さて、9月当初は家庭での生活が忘れられずに、登園を渋る子が出てくるかも知れません。長引かせない為には、「○○先生が○○ちゃんの顔が見たいと言っていたよ!」とか「幼稚園でお友達が○○ちゃんに会いたいって言ってるよ!」等と優しく話してやり、まずご両親が子どもの心の状態を認め、次に子どもの力を信頼して家庭から園に力強く送り出して下さい。保護者が「園に行きたくない=不登校」と不安になることは一番禁物です。担任と相談しながら問題点を確認して、良い方法を見つけ出していきましょう。

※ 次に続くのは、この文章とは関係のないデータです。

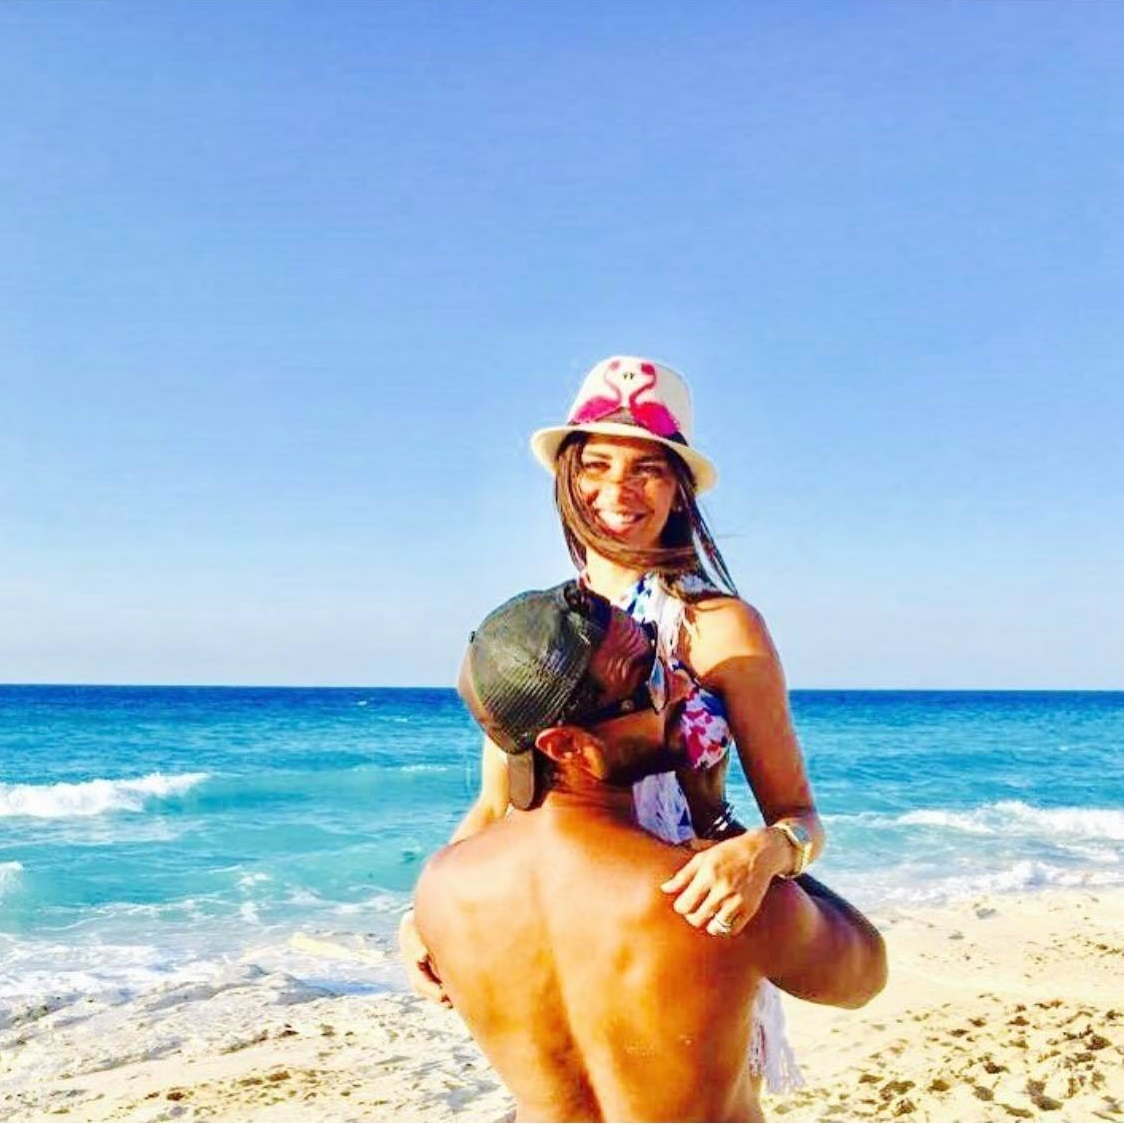 رومانسية كريم فهمي مع زوجته (6)

ある教員研修会で某講師は「この地球上で一番尊い仕事は何でしょうか」と問いかけました。しばらく間をおいて講師から「その答えは、子どもを産み育てること、その産み育てることを支える仕事が一番尊い」と、語ってくれました。私は常々思っていたことをズバリ言い切ってくれた講師に、心の中で大きな拍手を送りました。米国の新しい流れの中に、高学歴の女性たちが子どもが小さい間は仕事を離れて「私は私の子どもの母親です」と胸を張って宣言し、子育てに専念する傾向があり、社会のステータスともなっているそうです。女性の自己実現や解放することに、あれ程熱心に取り組んできた米国社会が、日本の「専業主婦」について、最も大切なものとして評価しはじめたことはうれしい限りです。子ども達が物理的な親の保護を必要とする期間はそう長くはありません。子どもが親の愛情と世話を必要とする間はしっかりと親としての務めを果たしてこそ、人間としての正しいあり方だろうと考えます。日本も母親の就業支援に片寄った子育て支援だけでなく、父親がもっと家庭生活に重心を移せる社会に変わっていく必要があると思います。
日本の父親の家事に関わる時間は、先進国の中では一番短いとのデータがありますが、オーストラリアの父親は「夕食は家族みんな一緒にとること」、ニュージーランドの父親は「週に何度か夕食を作ること」等、父親の家事参加は不可欠になっています。また、育児面では学力世界一のフィンランドの父親は、帰宅後、子どもに1日15分は必ず絵本を読んでやっているそうですが、多くの諸外国では父親が自然と家事や育児に参加しているようです。
核家族化が、進んだ現在で、今、子育てはどうあるべきかを考えることは大変難しい問題ですが、「子は宝」として、子どもを大切にしてきた日本の伝統的な子育て文化を継承できるよう、みんなで知恵を出し合い子育て支援策の一層の充実を望んで止みません。
2学期には、運動会をはじめ、年長組の天覧山遠足、秋ヶ瀬遠足、お芋掘り、お相撲さんと遊べるおもちつき会、本物の??サンタさんも来てくれるクリスマス会と多彩な行事が目白押しです。園行事は保育活動にメリハリをつけるとともに、各々の行事のねらいを達成することにより、子ども達は心身ともに成長していきます。当園では、子ども達の発達段階を踏まえて園 行事の内容を厳選して、有意義な活動になるようにしっかりと指導して参ります。
休み明けで、まだ体調が園生活のリズムに戻っていないお子さんもいると思います。生活のリズムを家族ぐるみで見直して、 <早寝・早起き・朝ごはん・朝トイレ>の規則正しい生活ができるようにご協力をお願いします。